=== Provided material ===
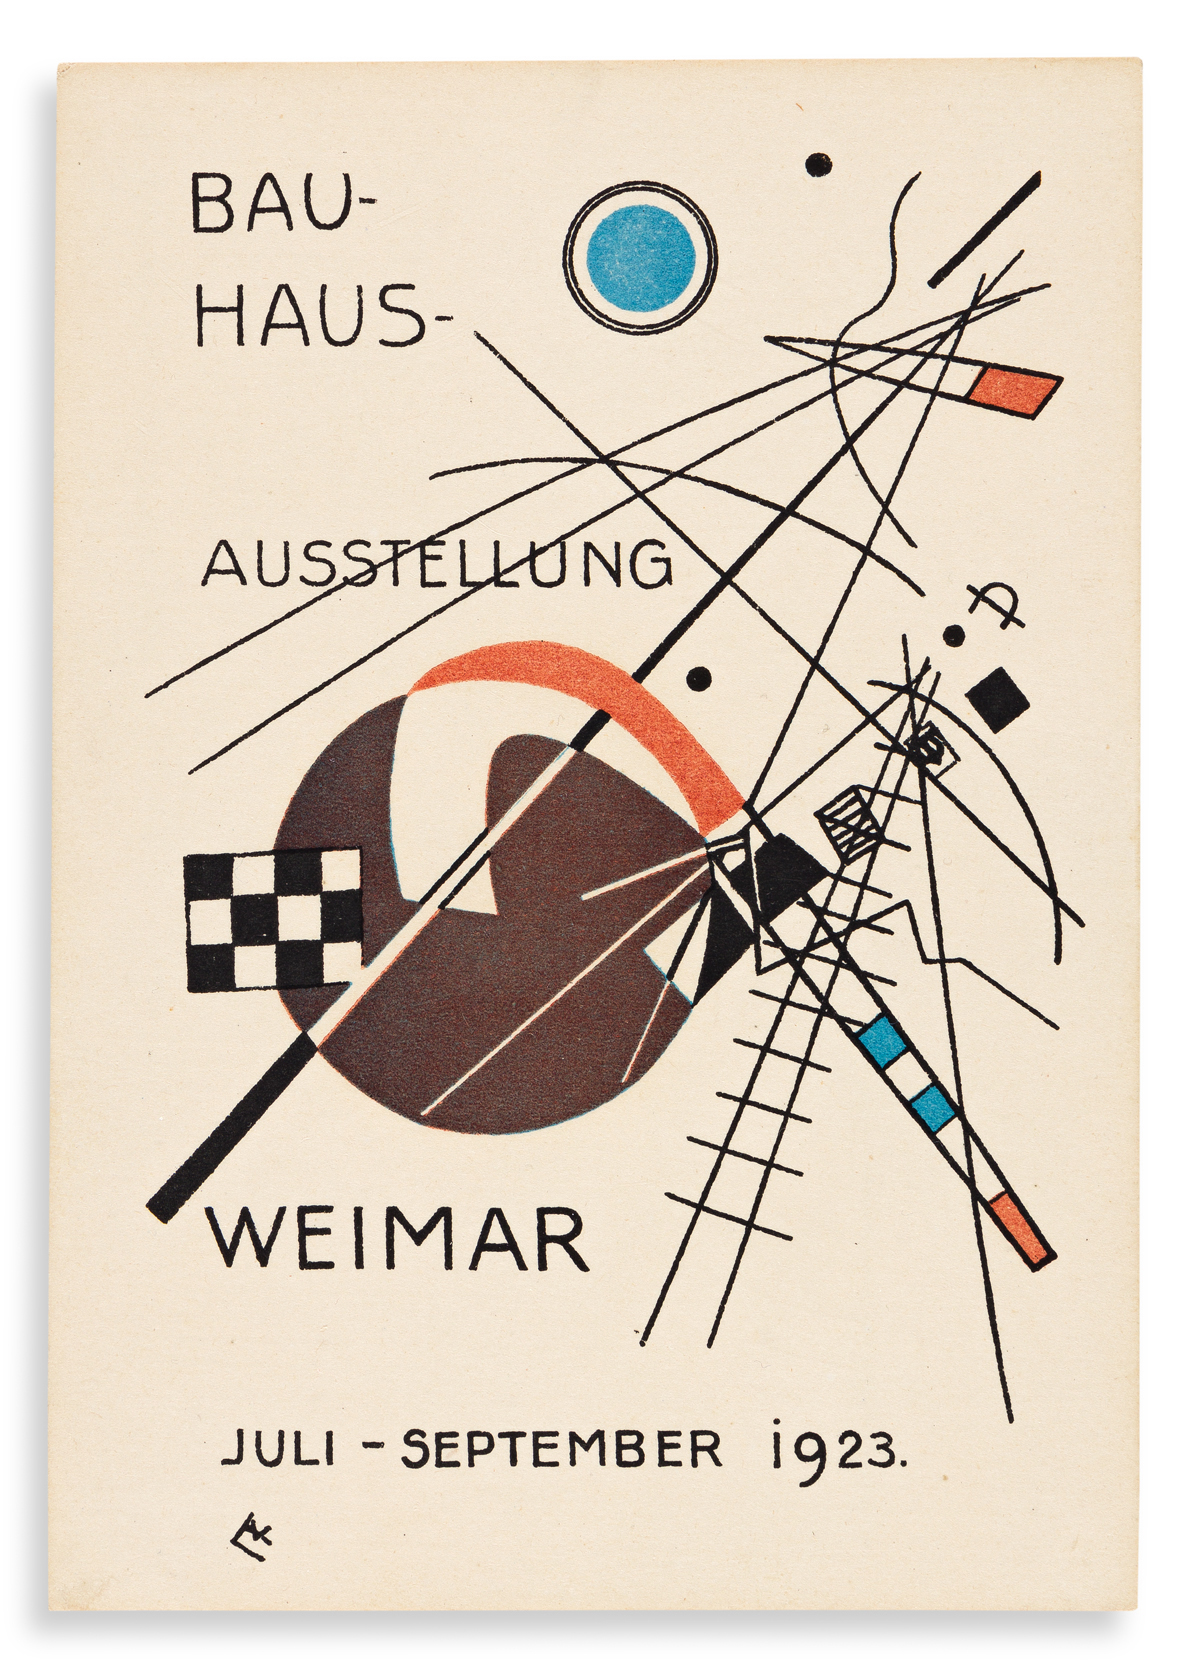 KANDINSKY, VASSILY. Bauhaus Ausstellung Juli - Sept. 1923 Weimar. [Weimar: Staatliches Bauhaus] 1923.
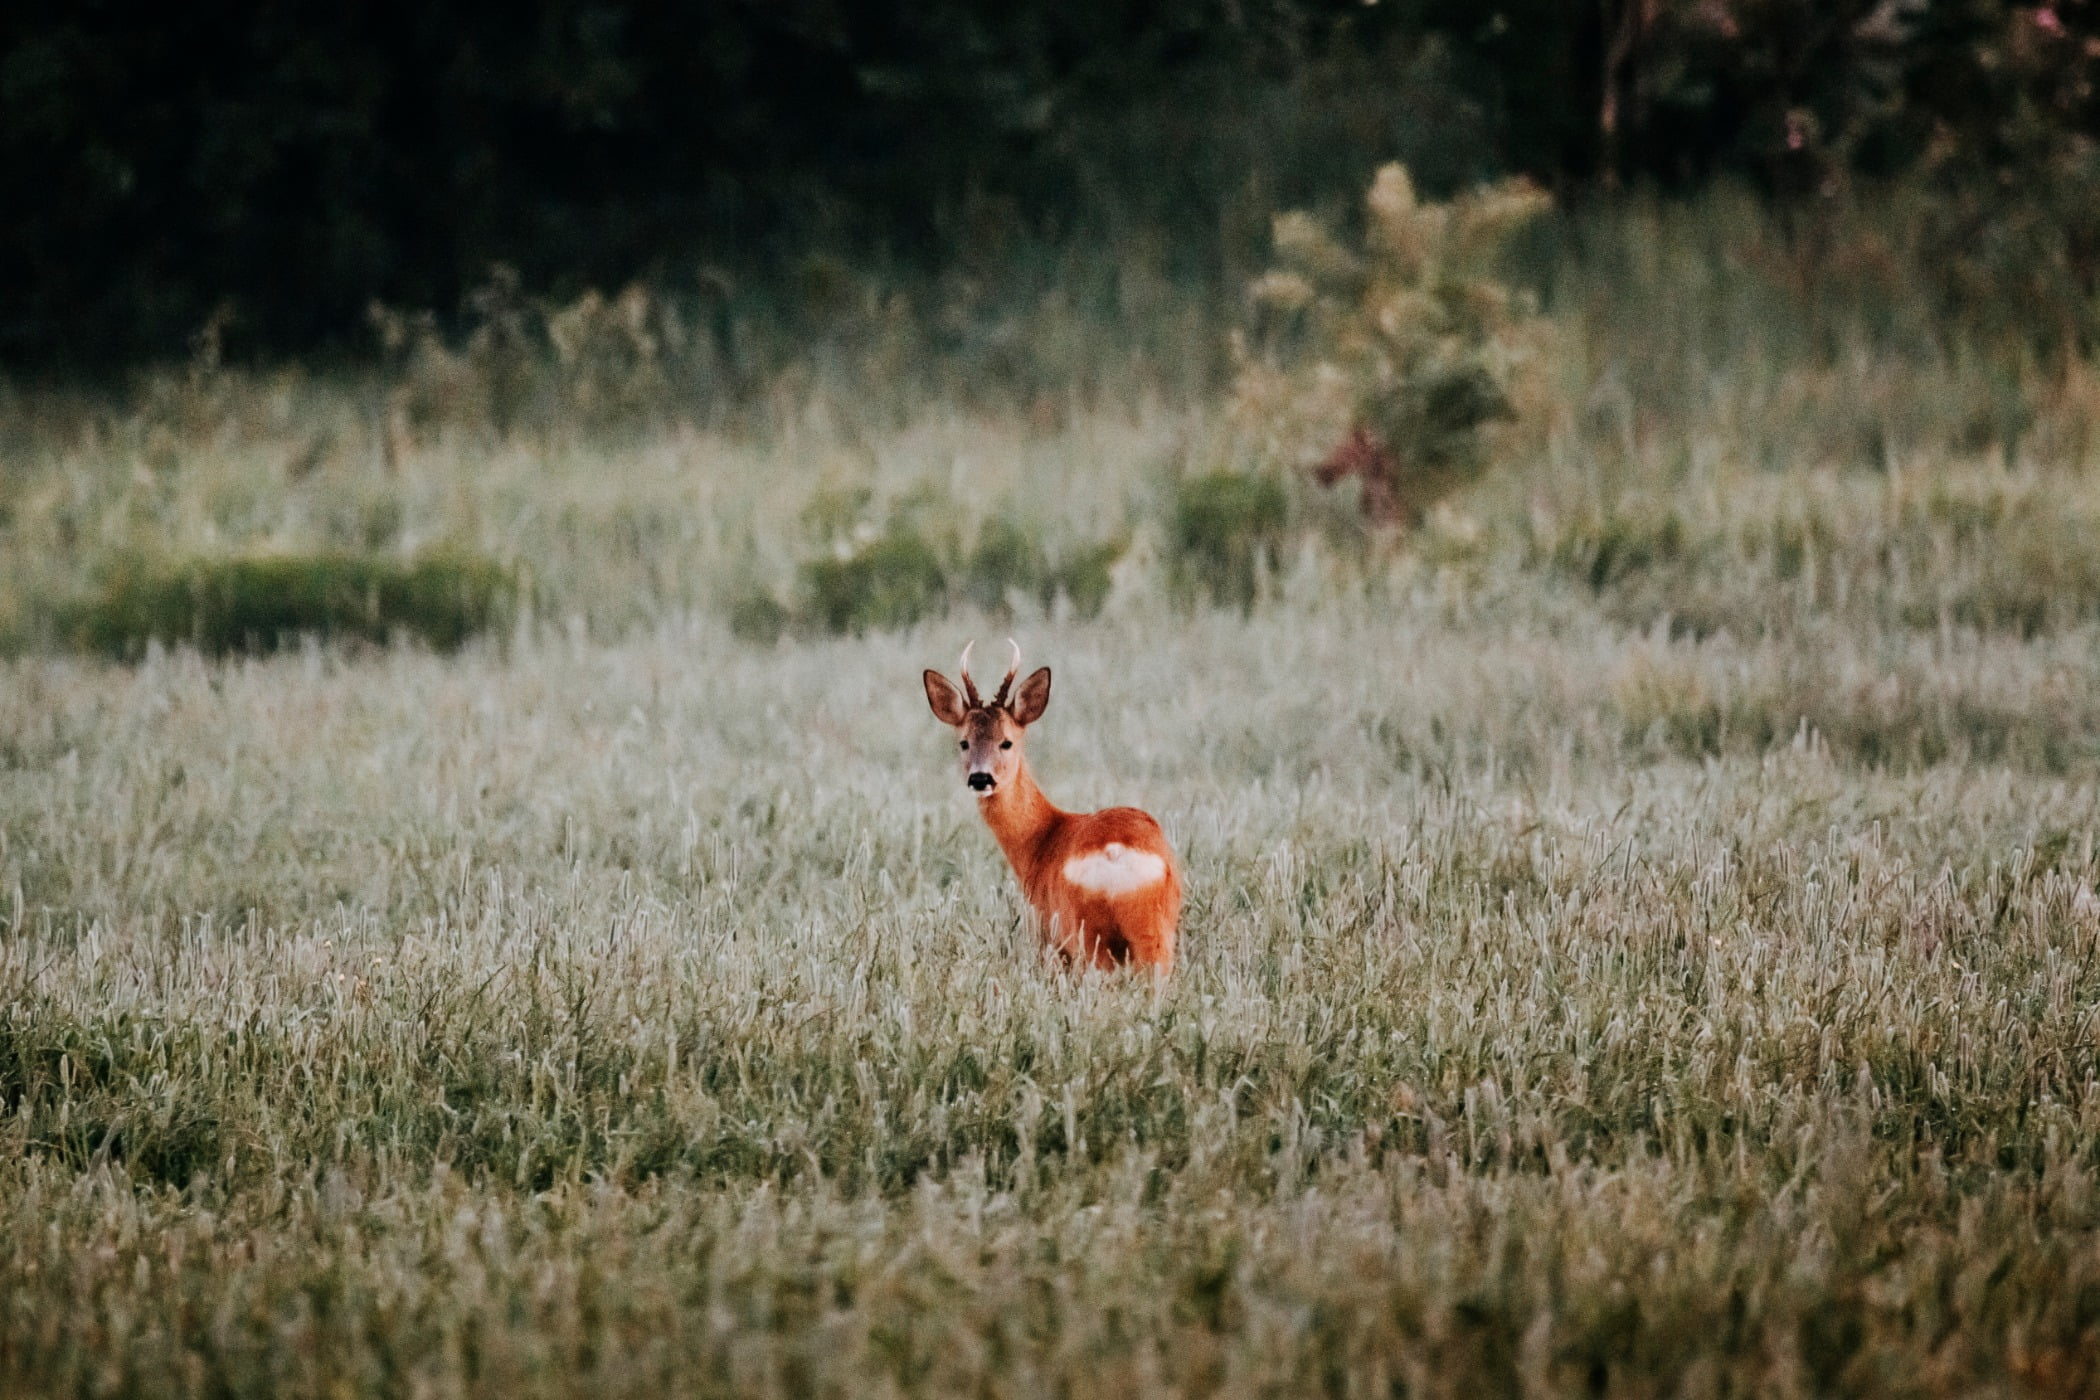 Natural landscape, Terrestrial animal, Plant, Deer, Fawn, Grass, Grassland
===
=== Provided material ===
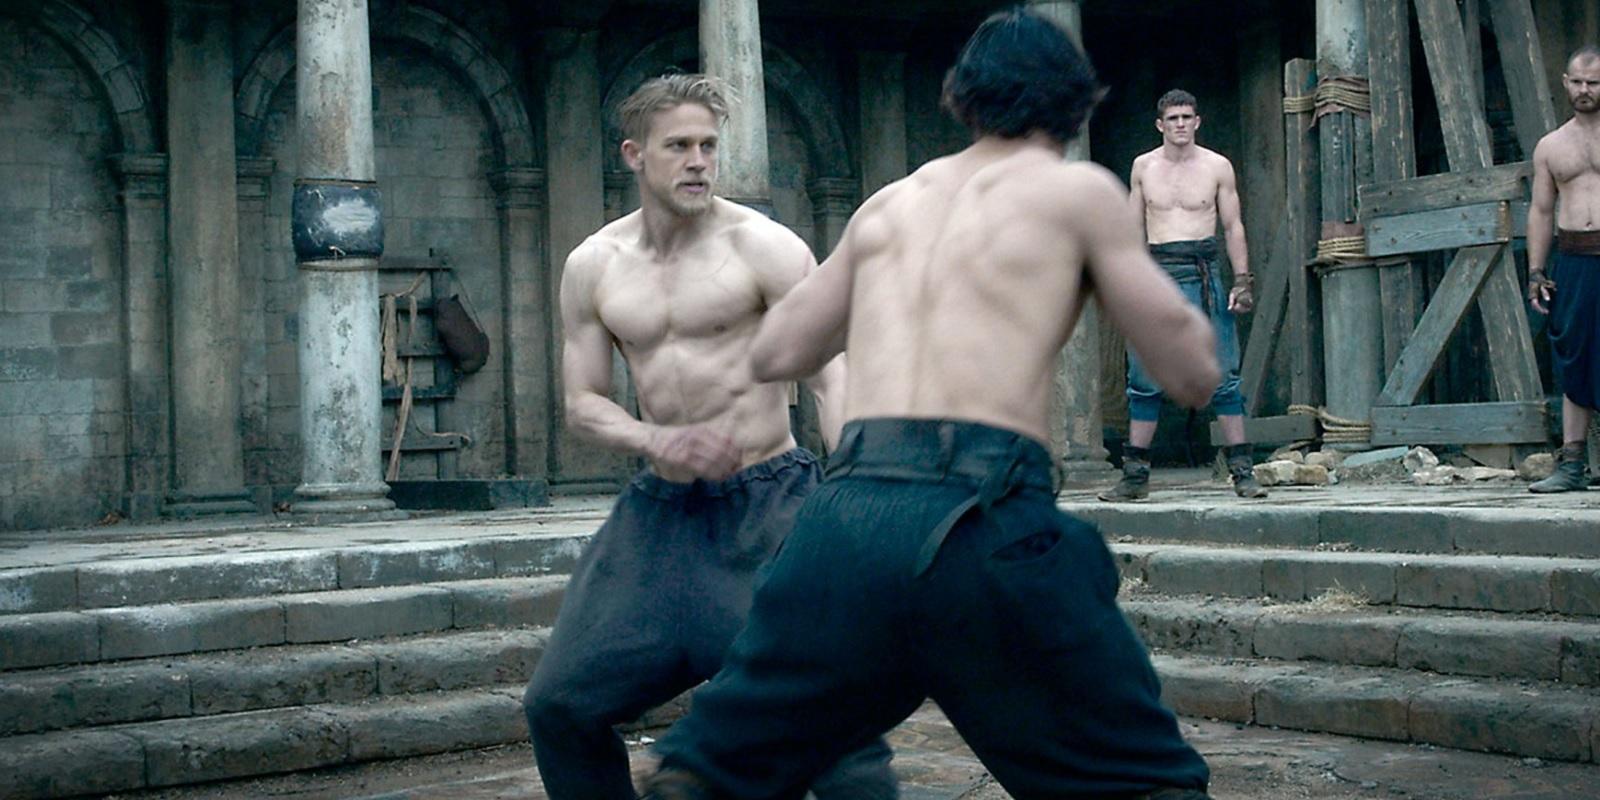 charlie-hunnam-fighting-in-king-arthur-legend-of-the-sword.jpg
===
■ Exercise details
Keep to the lines above from the line with "KANDINSKY, VASSILY. Bauhaus" to the line with "Natural landscape, Terrestrial", and set down exactly those, inclusive, with nothing else and every picture left out.

■ Answer to this task
 KANDINSKY, VASSILY. Bauhaus Ausstellung Juli - Sept. 1923 Weimar. [Weimar: Staatliches Bauhaus] 1923.
 Natural landscape, Terrestrial animal, Plant, Deer, Fawn, Grass, Grassland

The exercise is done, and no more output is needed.